Olmert und Abbas wollen sich treffen

JERUSALEM / RAMALLAH (inn) – Israels Premier Ehud Olmert ist nach eigenen Angaben zu einem Treffen mit Palästinenserchef Mahmud Abbas bereit. Auch der Vorsitzende der Autonomiebehörde sagte am Sonntag, ein Gespräch könne jederzeit stattfinden.

Abbas hatte sich in Ramallah mit dem britischen Premierminister Tony Blair getroffen. Anschließend sprach er von einer palästinensischen „Bereitschaft, ernsthaft volle Verhandlungen aufzunehmen“. Blair sprach sich für eine neue Konzentration auf die „Roadmap“ aus: „In den vergangenen Monaten hat sich die Situation rückwärts bewegt, nicht vorwärts.“ Jetzt gebe es ein „Fenster der Gelegenheit, auch wenn es sehr düster aussieht“.

Der britische Premier begrüßte auch Abbas‘ Bestrebungen, mit der Hamas eine Regierung der nationalen Einheit zu bilden. Dieser sagte, seine Fatah-Partei sei ernsthaft daran interessiert, damit die palästinensische Regierung wieder internationale Unterstützung erhalte.
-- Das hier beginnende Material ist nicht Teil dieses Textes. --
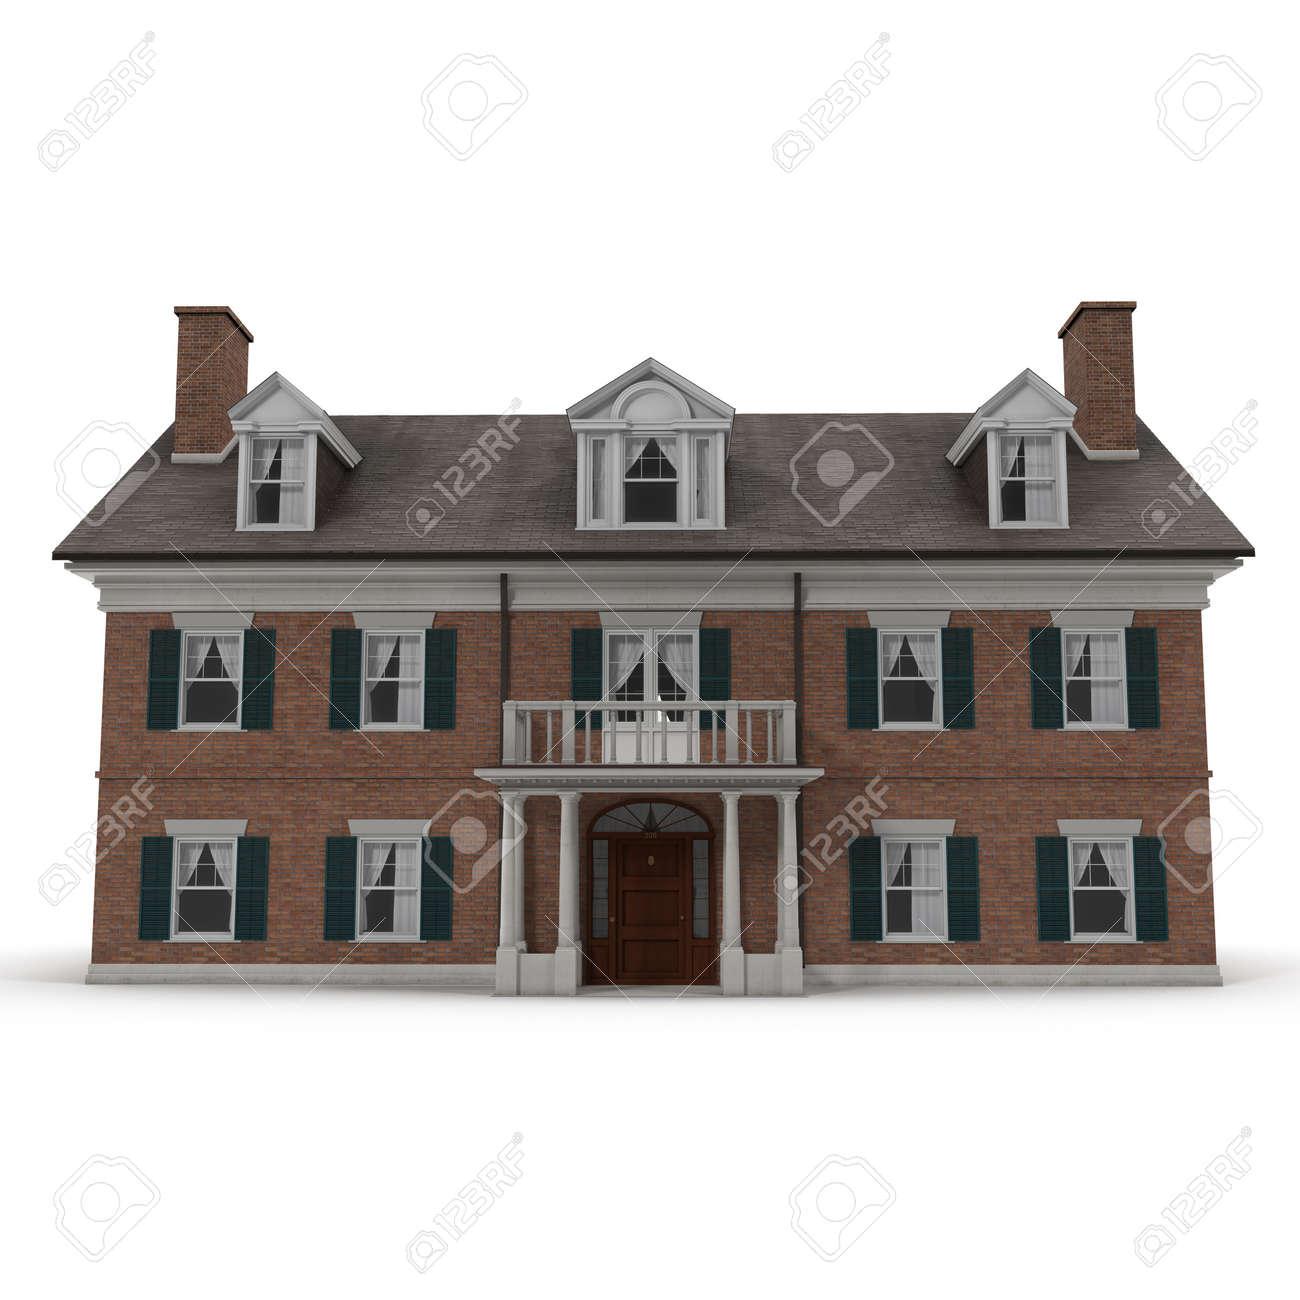 Kolonialstil Wiedergabe Home Außen Auf Weißem Hintergrund. 3D ...

Allerdings bekräftigte ein Hamas-Vertreter am Sonntag die Weigerung der Terrorgruppe, die Bedingungen des Nahost-Quartettes aus UNO, USA, EU und Russland anzuerkennen. Dieses fordert eine Anerkennung Israels und der früheren israelisch-palästinensischen Abkommen sowie ein Ende der Gewalt. Die Hamas sei bereit, mit der Fatah eine gemeinsame Regierung zu formen, aber „nicht nach Standards, die diktiert werden“.

Während seines Aufenthaltes in den Palästinensergebieten traf Blair keinen Repräsentanten der Terrorgruppe, die derzeit mit absoluter Mehrheit regiert. Dies berichtet die Tageszeitung „Ha´aretz“.

Blair trifft Olmert

Bereits am Samstag hatte der britische Premier mit Olmert gesprochen. Anschließend drückte dieser seine Bereitschaft zu einem Treffen mit Abbas aus, auch wenn es im Fall des entführten Soldaten Gilad Schalit noch keine Fortschritte gebe. „Die Bedingung für jegliches Vorankommen wird Schalits Freilassung sein, und Abbas weiß das sehr gut.“ Blair befürwortete die israelische Bereitschaft zum Dialog mit dem Fatah-Politiker, obwohl die Hamas Parlament und Regierung kontrolliert. Es sei wichtig, den Verhandlungsprozess wieder in Gang zu bringen. „Die Stabilität des Nahen Ostens hat Auswirkungen auf Großbritannien.“ Selbstverständlich sei es wichtig, dass der Soldat wieder freikomme.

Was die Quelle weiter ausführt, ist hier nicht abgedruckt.